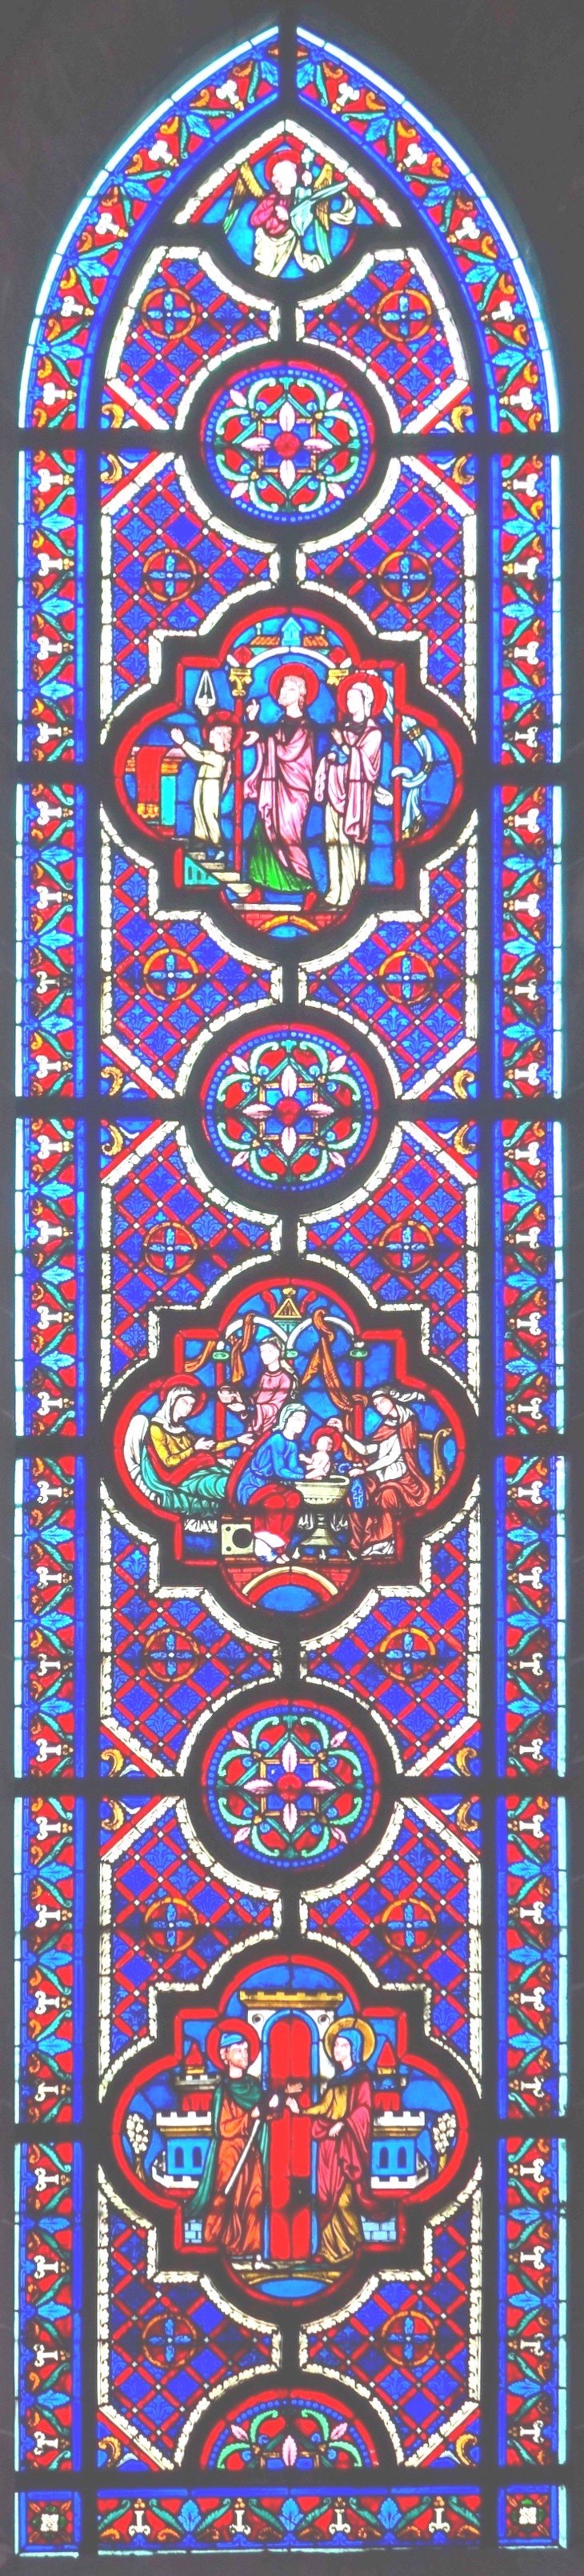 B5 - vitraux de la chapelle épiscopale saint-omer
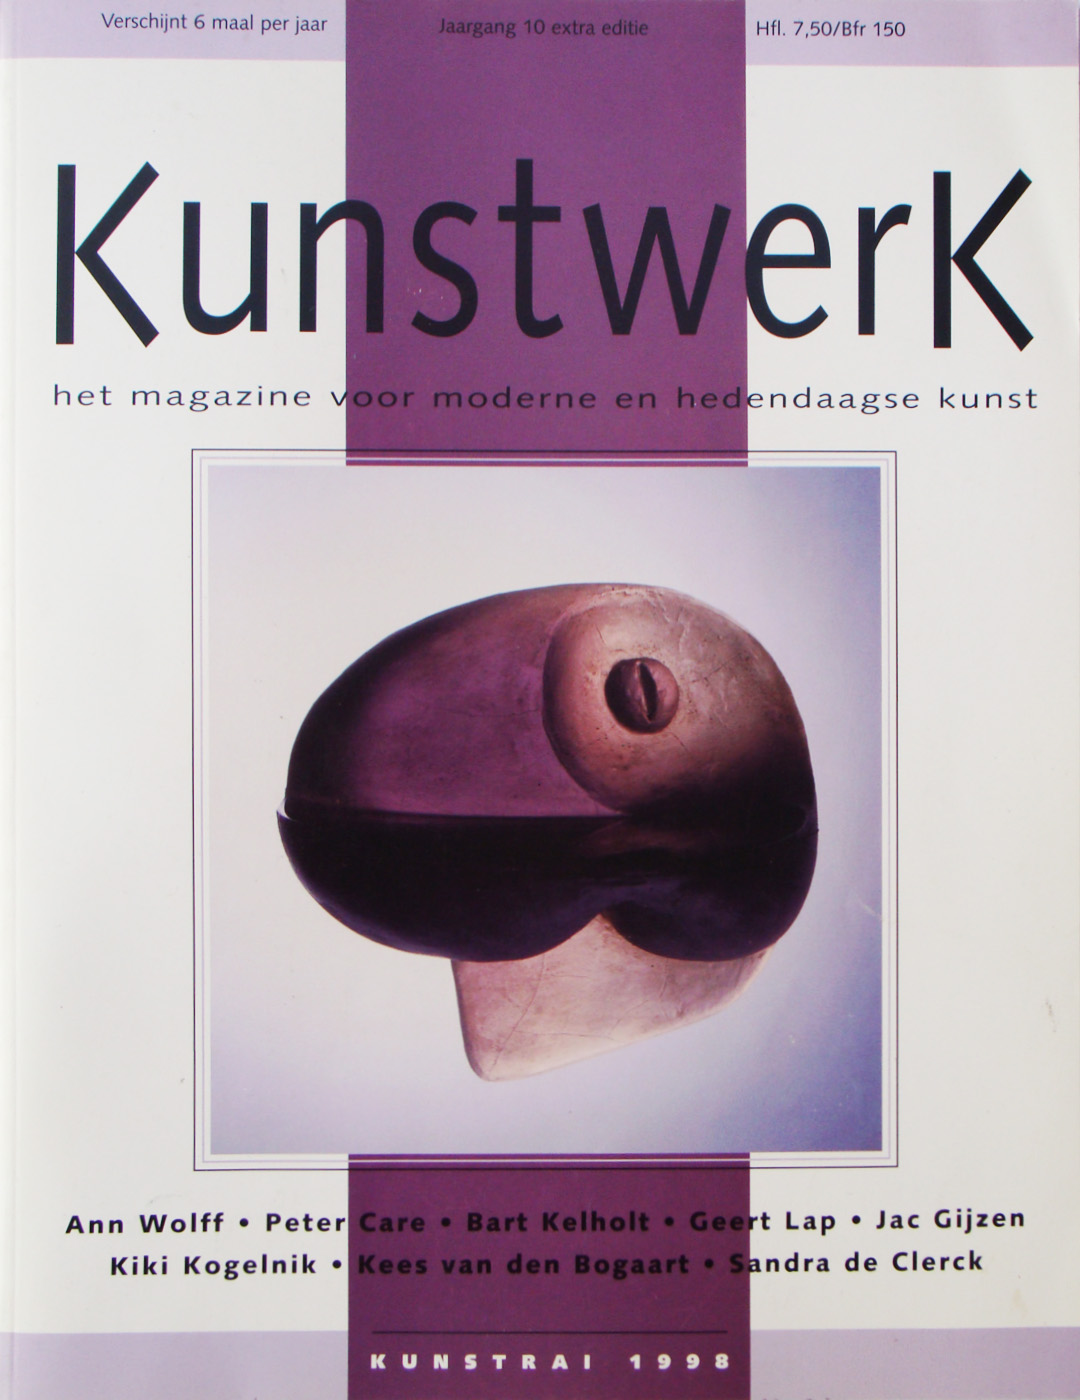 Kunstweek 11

--

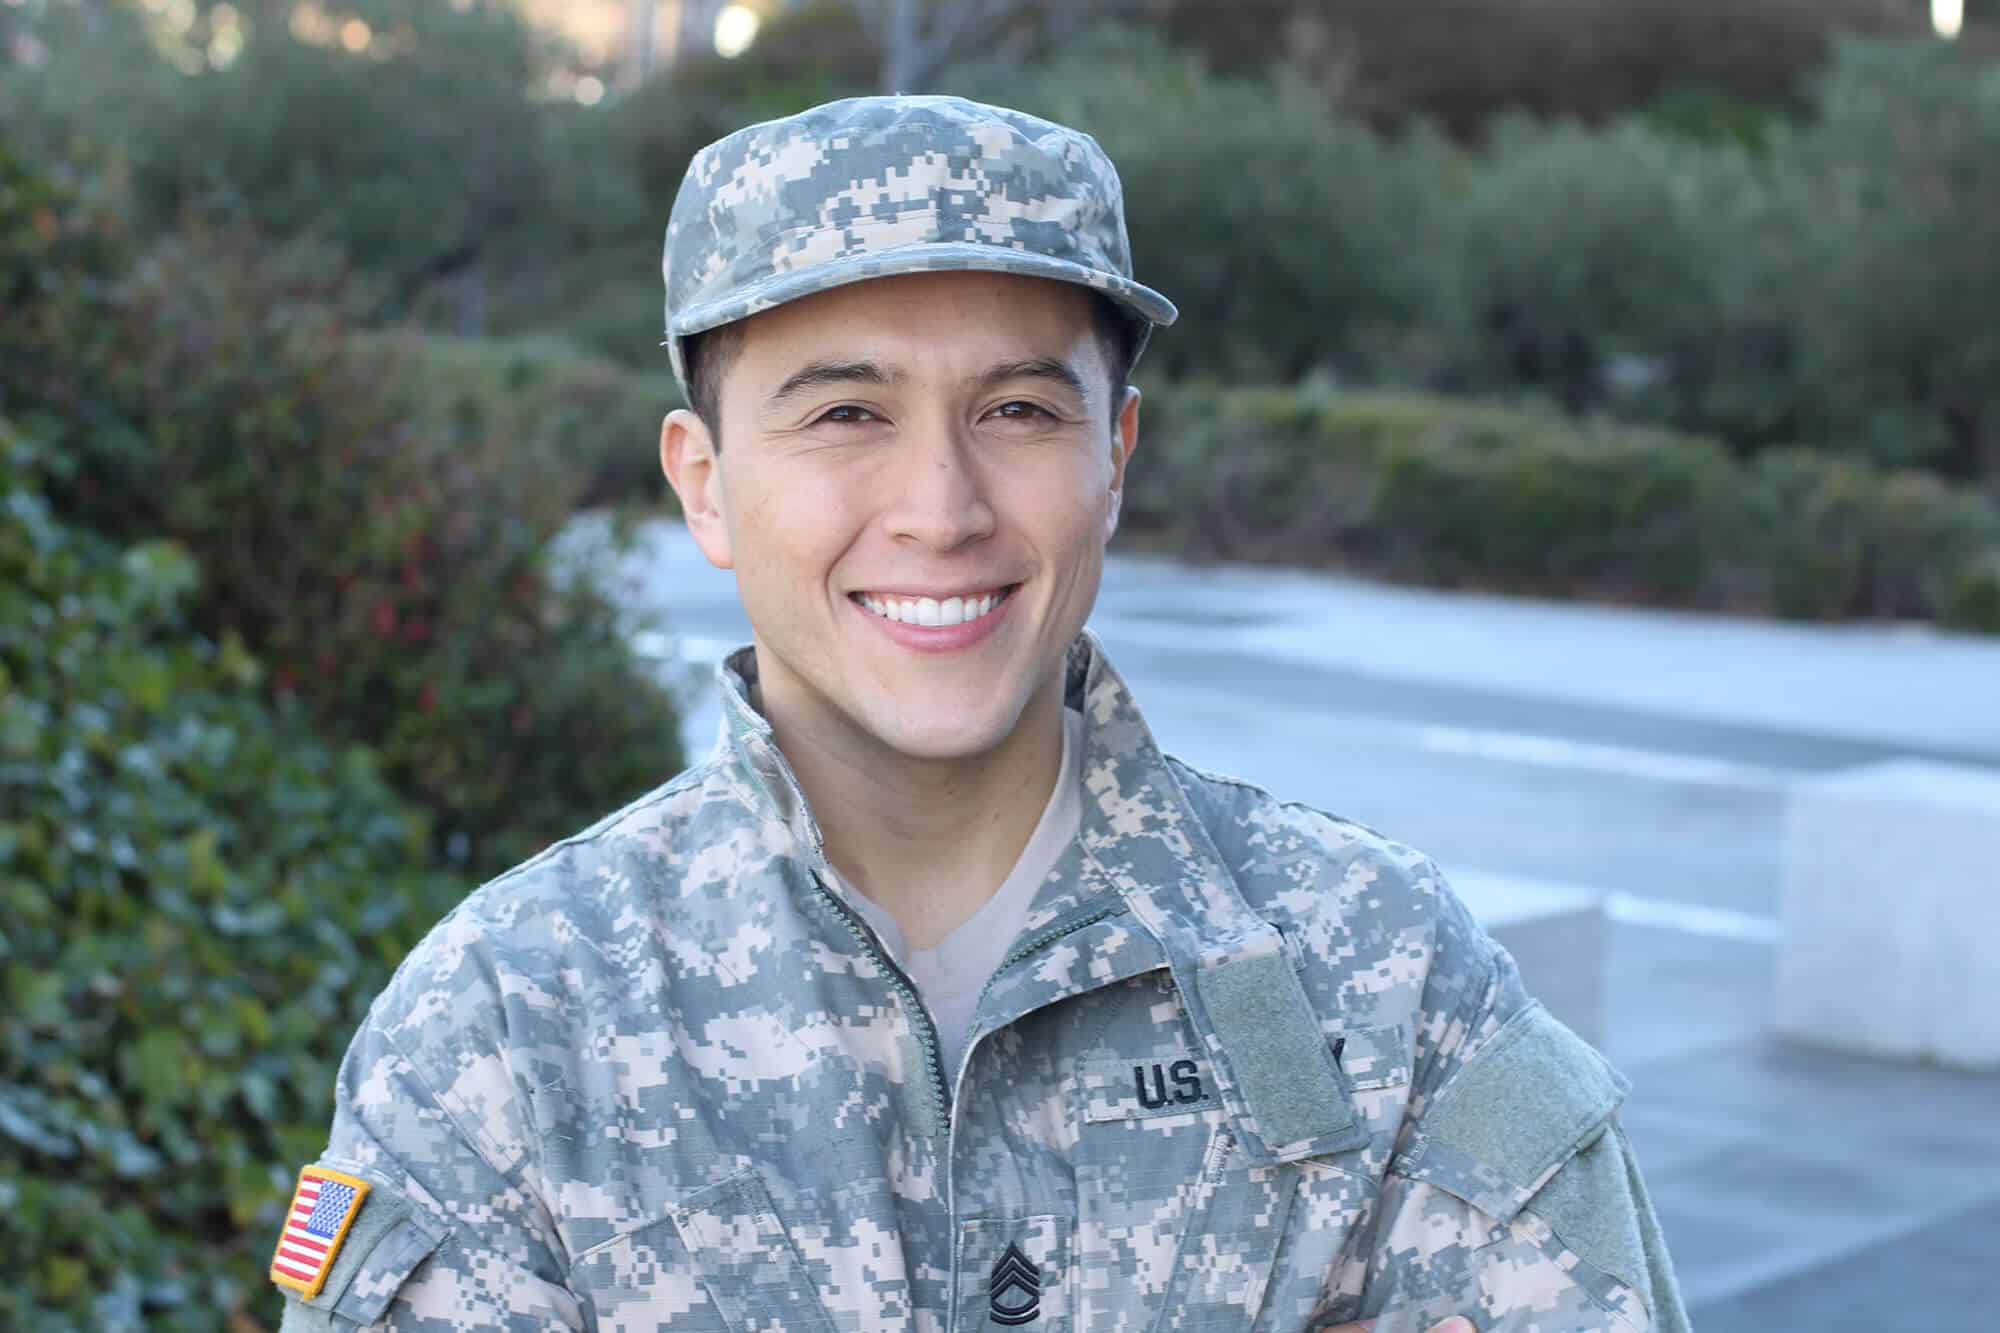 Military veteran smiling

- **WHAT THIS TASK INVOLVES**: All that should appear in the answer is the lines above from the line with "B5 - vitraux" through the line with "Kunstweek 11", retyped exactly, pictures left out.

- **ANSWER TO THE EXERCISE**:
 B5 - vitraux de la chapelle épiscopale saint-omer
 Kunstweek 11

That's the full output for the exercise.